Ezequiel Zayas, who gained national notoriety for secretly living inside a Navy family’s home on Oahu and planning to perform surgery on them and later killing a 62-year-old fellow inmate while awaiting trial, was sentenced Wednesday to 40 years in prison.
Oahu Circuit Court Judge Rowena Somerville sentenced the 30-year-old Zayas to prison terms to be served consecutively, not concurrently, which is often the case, for four separate crimes.
The sentence fell on the third anniversary of the unprovoked fatal attack on Vance Grace, who was punched in the head
multiple times and stomped by Zayas.
Zayas’ attorney, Nelson Goo, negotiated a plea deal that dropped a second-degree murder charge to manslaughter, and Zayas was sentenced to 20 years in prison, rather than life, for the 2020 killing of Grace in the Oahu Community Correctional Center cell they shared.
The victim’s brother, Abraham Grace, said, “You go in jail to do your time. You don’t go to jail thinking you’re going to die.”
He said his brother had finished a sentence in Arizona and was living with him for a year and a half when he got the call that he had an outstanding contraband charge against him, which the family said he simply took the blame for.
Abraham Grace said
he told Zayas in court: “I forgive him for killing my brother. … I didn’t want to carry this around for the rest of my life.”
Deputy Attorney General Adrian Dhakhwa, who handled the manslaughter prosecution, said that had the state gone forward with the murder prosecution, there was a chance Zayas, who has a history of mental health issues and drug use, could have ended up in the Hawaii State Hospital rather than prison.
“From our position, prison is a more appropriate place (for Zayas) than the state hospital,” he said.
Zayas received the maximum sentence he could have gotten, Dhakhwa said.
Zayas’ first-degree burglary charge stemmed from living inside the home of James and Brittany Campbell in 2019. The couple’s true-crime story was featured on Lifetime TV’s “Phrogging: Hider in My House,” which aired July 18, 2022.
When they returned from a family emergency on the mainland Sept. 20, 2019, Zayas confronted them at their front door, wearing their clothes and refusing to let them in.
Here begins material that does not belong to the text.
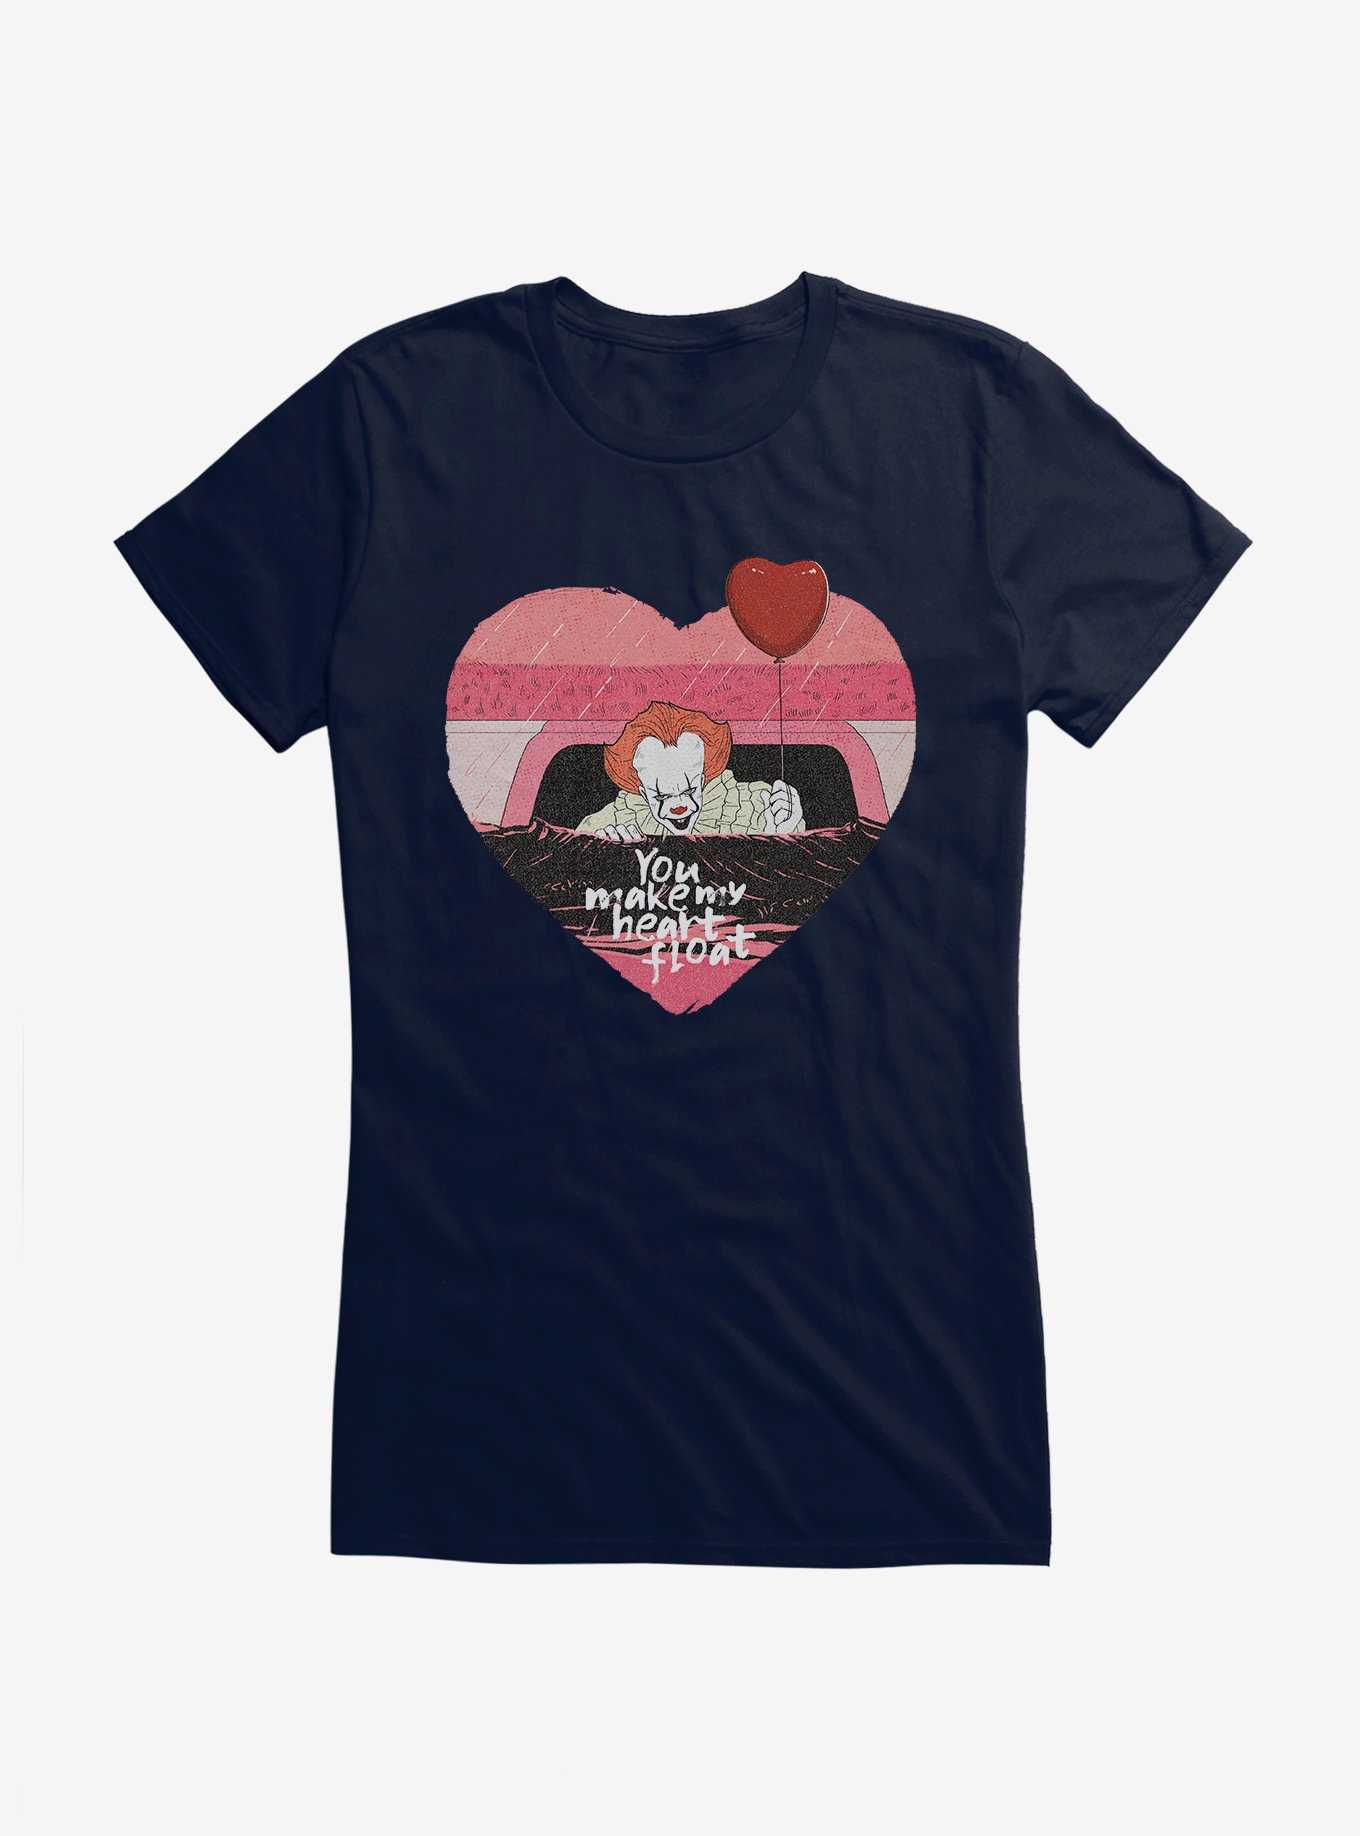 IT Heart Float Girls T-Shirt, NAVY, hi-res

James Campbell grabbed a hammer and threatened him. Their two sons, then ages 9 and 12, were in the car.
Police were called and Zayas was arrested, but was placed on supervised release even though he was homeless.
The state wrote in a sentencing memorandum that “Defendant’s urine, semen and excrement were also found in their house; Defendant accessed their laptop and wrote about sexually assaulting children, Satan, and mental illness.”
The Campbells now live on the mainland, and told the Honolulu Star-Advertiser on Wednesday that they both are still recovering from post-traumatic stress disorder due to the event at their home in Joint Base Pearl Harbor-Hickam in privatized Navy housing owned by Ohana Military Communities LLC.
(They declined to disclose what state they live in because an unknown person was also in the house with Zayas.)
“I ended up being retired from the Navy because of my PTSD,” James Campbell said. “The whole thing’s
impacted our family in pretty big ways. … I don’t know about being made whole. We still have some work to do. It was more than just a burglary.”
The Campbells said the subsequent murder of Vance Grace “stirred up a ton of emotion” and made them
realize Zayas was as dangerous as they had suspected.
“What if we had come home at night?” Brittany Campbell said. “He had knives laid out for us in our bedroom” and was planning to perform surgery on them, and “concocted medication meant for us.”
James Campbell said: “He got the max for all counts so I think that’s great. He did some horrible things and
affected a lot of people. This is kind of the best case for what it was.”
Zayas was also sentenced to five years for second-degree burglary for breaking into a Buddhist study center in the University area, after his release following the Campbell burglary.
He also got five years for second-degree assault. At the State Hospital awaiting a mental fitness exam, he became combative during a class, and while being subdued, squeezed the genitals of a teacher and bit him in the stomach.
Dhakhwa said: “We are grateful that Judge Somerville agreed that Zayas deserves the maximum sentence. Each of his victims deserve their own measure of justice. Today’s sentence reflects that and protects the public for a significant period of time.”
Grace’s family says the 62-year-old Nanakuli man didn’t have to die. Nelson Coburn said his father was placed in an OCCC cell with Zayas and two other inmates because they were suspected of having COVID-19, despite Zayas displaying mental health issues, and should have been kept in a separate cell.
Also, the cell door lock was not working properly, and guards ended up calling a locksmith while Grace was left dying on the cell floor, the family said.
Coburn filed suit in 2022 against the state Department of Public Safety.